Step 1. Format the NameNode: Initializes the directory specified by the dfs.name.dir variable.
sudo -u hdfs hadoop namenode -format
Output
12/01/30 11:51:33 INFO namenode.NameNode: STARTUP_MSG: /************************************************************ STARTUP_MSG: Starting NameNode STARTUP_MSG: host = ubuntu/127.0.1.1 STARTUP_MSG: args = [-format] STARTUP_MSG: version = 0.20.205.0.2 STARTUP_MSG: build = -r ; compiled by 'jenkins' on Thu Nov 3 02:51:06 UTC 2011 ************************************************************/ 12/01/30 11:51:34 INFO util.GSet: VM type = 64-bit 12/01/30 11:51:34 INFO util.GSet: 2% max memory = 19.33375 MB 12/01/30 11:51:34 INFO util.GSet: capacity = 2^21 = 2097152 entries 12/01/30 11:51:34 INFO util.GSet: recommended=2097152, actual=2097152 12/01/30 11:51:34 INFO namenode.FSNamesystem: fsOwner=hdfs 12/01/30 11:51:34 INFO namenode.FSNamesystem: supergroup=supergroup 12/01/30 11:51:34 INFO namenode.FSNamesystem: isPermissionEnabled=false 12/01/30 11:51:34 INFO namenode.FSNamesystem: dfs.block.invalidate.limit=100 12/01/30 11:51:34 INFO namenode.FSNamesystem: isAccessTokenEnabled=false accessKeyUpdateInterval=0 min(s), accessTokenLifetime=0 min(s) 12/01/30 11:51:34 INFO namenode.NameNode: Caching file names occuring more than 10 times 12/01/30 11:51:35 INFO common.Storage: Image file of size 110 saved in 0 seconds. 12/01/30 11:51:35 INFO common.Storage: Storage directory /var/lib/hadoop/cache/hadoop/dfs/name has been successfully formatted. 12/01/30 11:51:35 INFO namenode.NameNode: SHUTDOWN_MSG: /************************************************************ SHUTDOWN_MSG: Shutting down NameNode at ubuntu/127.0.1.1 ************************************************************/
Step 2. Start the neccessary hadoop services.
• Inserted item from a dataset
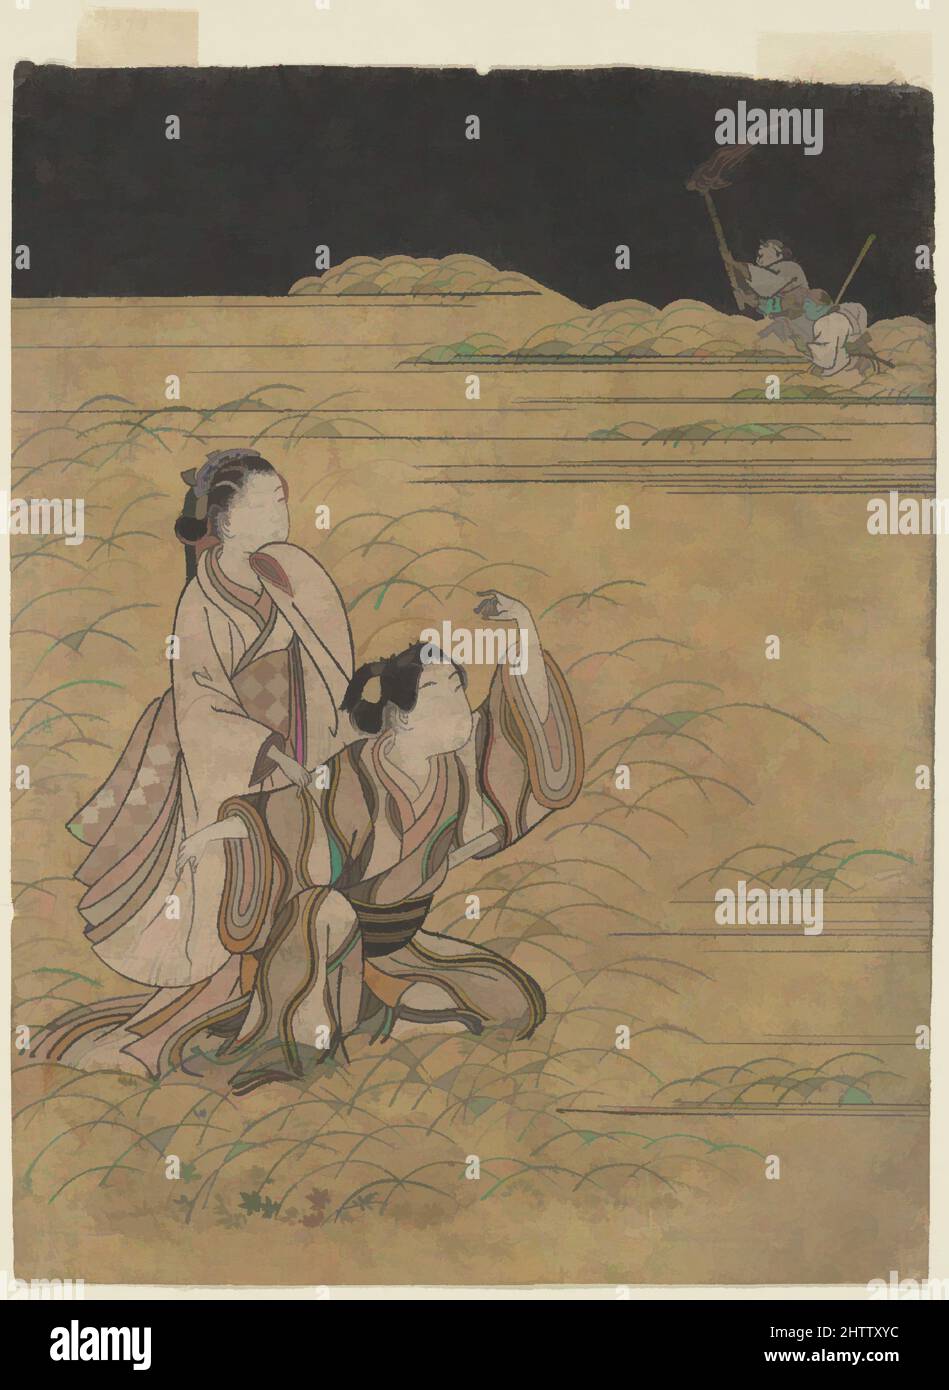 Arte inspirado por Elopers en Musashino, Edo Period (1615–1868), Japón, estampado de bloques de madera policromada; tinta y color sobre papel, imagen: 10 x 7 5/8 pulg. (25,4 x 19,4 cm), Impresiones, Suikōdō sakei (japonés, ca. 1764), en este episodio de los Cuentos de Ise, el infatigable joven héroe de la, obras clásicas modernizadas por Artótop con un toque de modernidad. Formas, color y valor, atractivo impacto visual en el arte Emociones a través de la libertad de las obras de arte de una manera contemporánea. Un mensaje atemporal que busca una nueva dirección totalmente creativa. Artistas que se están volviendo al medio digital y creando el Artotop NFT Foto de stock

Below we start: hadoop-datanode, hadoop-jobtracker and hadoop-tasktracker
for i in hadoop-namenode hadoop-datanode hadoop-jobtracker hadoop-tasktracker ; do sudo service $i start ; done
OR run
bin/start-all.sh
Output:
Starting Hadoop namenode daemon: starting namenode, logging to /var/log/hadoop/hadoop-hadoop-namenode-ubuntu.out hadoop-namenode. Starting Hadoop datanode daemon: starting datanode, logging to /var/log/hadoop/hadoop-hadoop-datanode-ubuntu.out hadoop-datanode. Starting Hadoop jobtracker daemon: starting jobtracker, logging to /var/log/hadoop/hadoop-hadoop-jobtracker-ubuntu.out hadoop-jobtracker. Starting Hadoop tasktracker daemon: starting tasktracker, logging to /var/log/hadoop/hadoop-hadoop-tasktracker-ubuntu.out hadoop-tasktracker.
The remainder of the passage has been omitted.